Kaliotoxin (KTX), a scorpion toxin characterized as a 37-residue inhibitor of the neuronal high conductance Ca(2+)-activated K+ channels (KCa channels), has been chemically synthetized. Differences were observed between natural toxin and the two peptides, KTX(1-37) and KTX(1-37)-amide. Re-examination of the KTX sequence showed that an extra lysine residue was present at the C-terminal end. The 38-residue synthetic peptide was found identical with natural toxin. All three peptides had comparable activities, with LD50 values of 6-9 pmol/mouse after intracerebroventricular injection, and Kd = 2-8 nM for blockage of the whole cell and unitary molluscan KCa currents. Pairing of the disulfide bonds in synthetic KTX corresponded to that in charybdotoxin and iberiotoxin.
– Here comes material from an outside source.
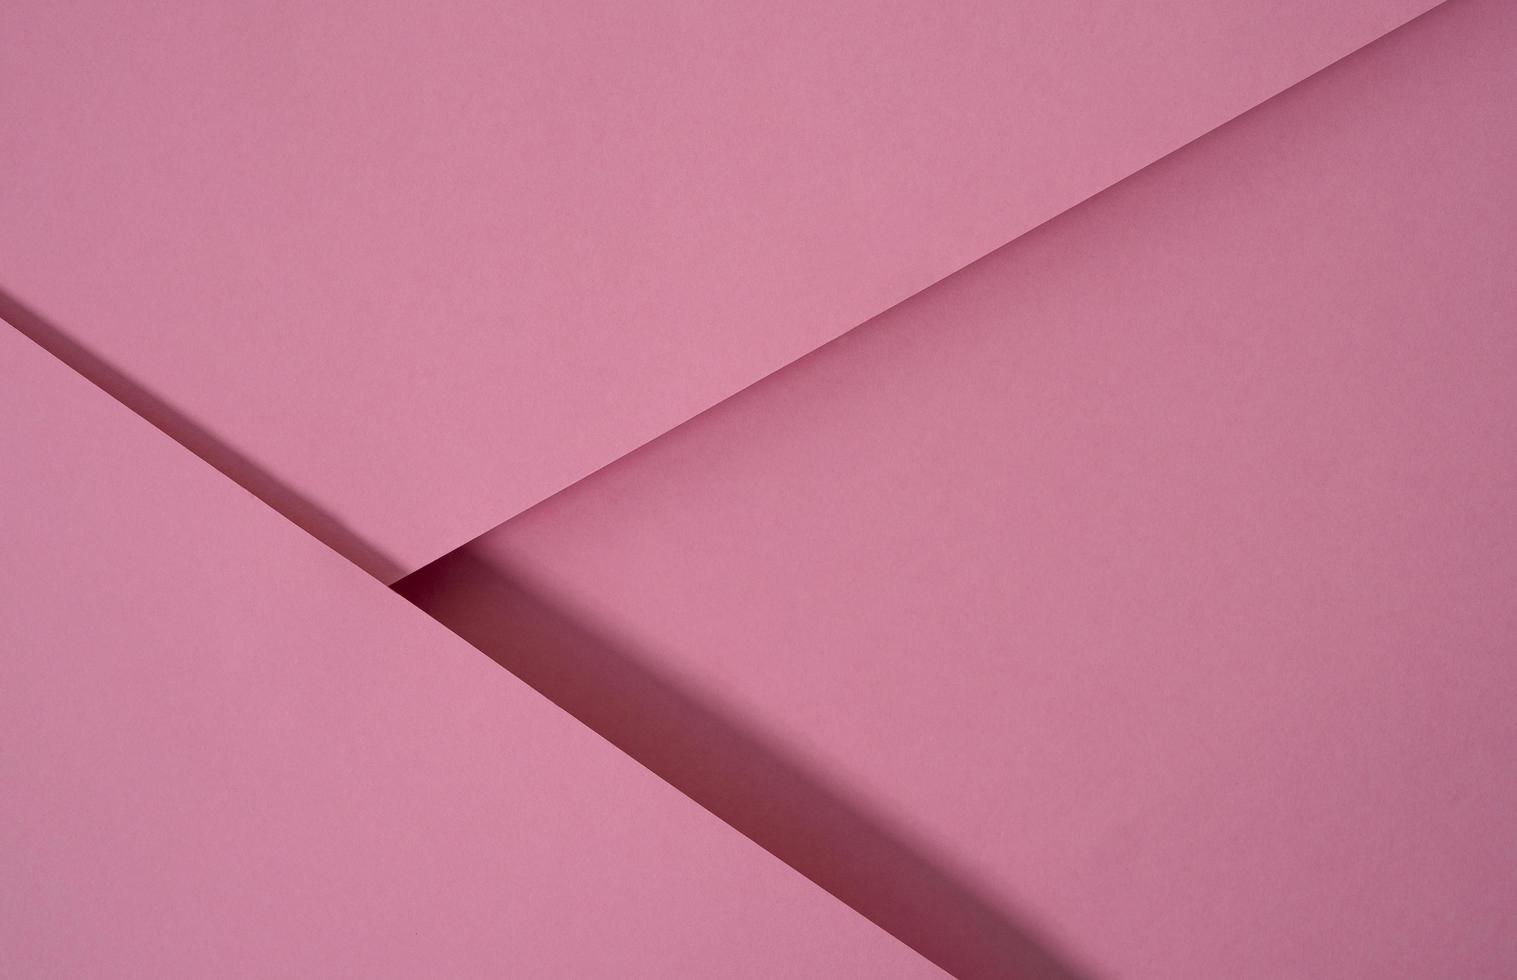 abstracte pop-up papier achtergrond in roze. abstracte arrangementen bouwen een geometrische textuur voor behang, posters, flyers, enz. foto

A competition assay between 125I-KTX(1-37) and different toxins (KTX, dendrotoxin, charybdotoxin, MCD peptide, and iberiotoxin) for binding to rat brain synaptosomal membranes suggested that KTX interacts also with voltage-gated K+ channels. Shorter peptides, KTX(25-35)-amide and KTX(26-32)-amide, expressed no KTX activity, but were able to compete in binding. They were further shown to antagonize KTX in both its toxicity and blocking activity. The (26-32) sequence of KTX, which is a highly conserved region, may contain a low affinity binding subsite essential for potassium channel recognition.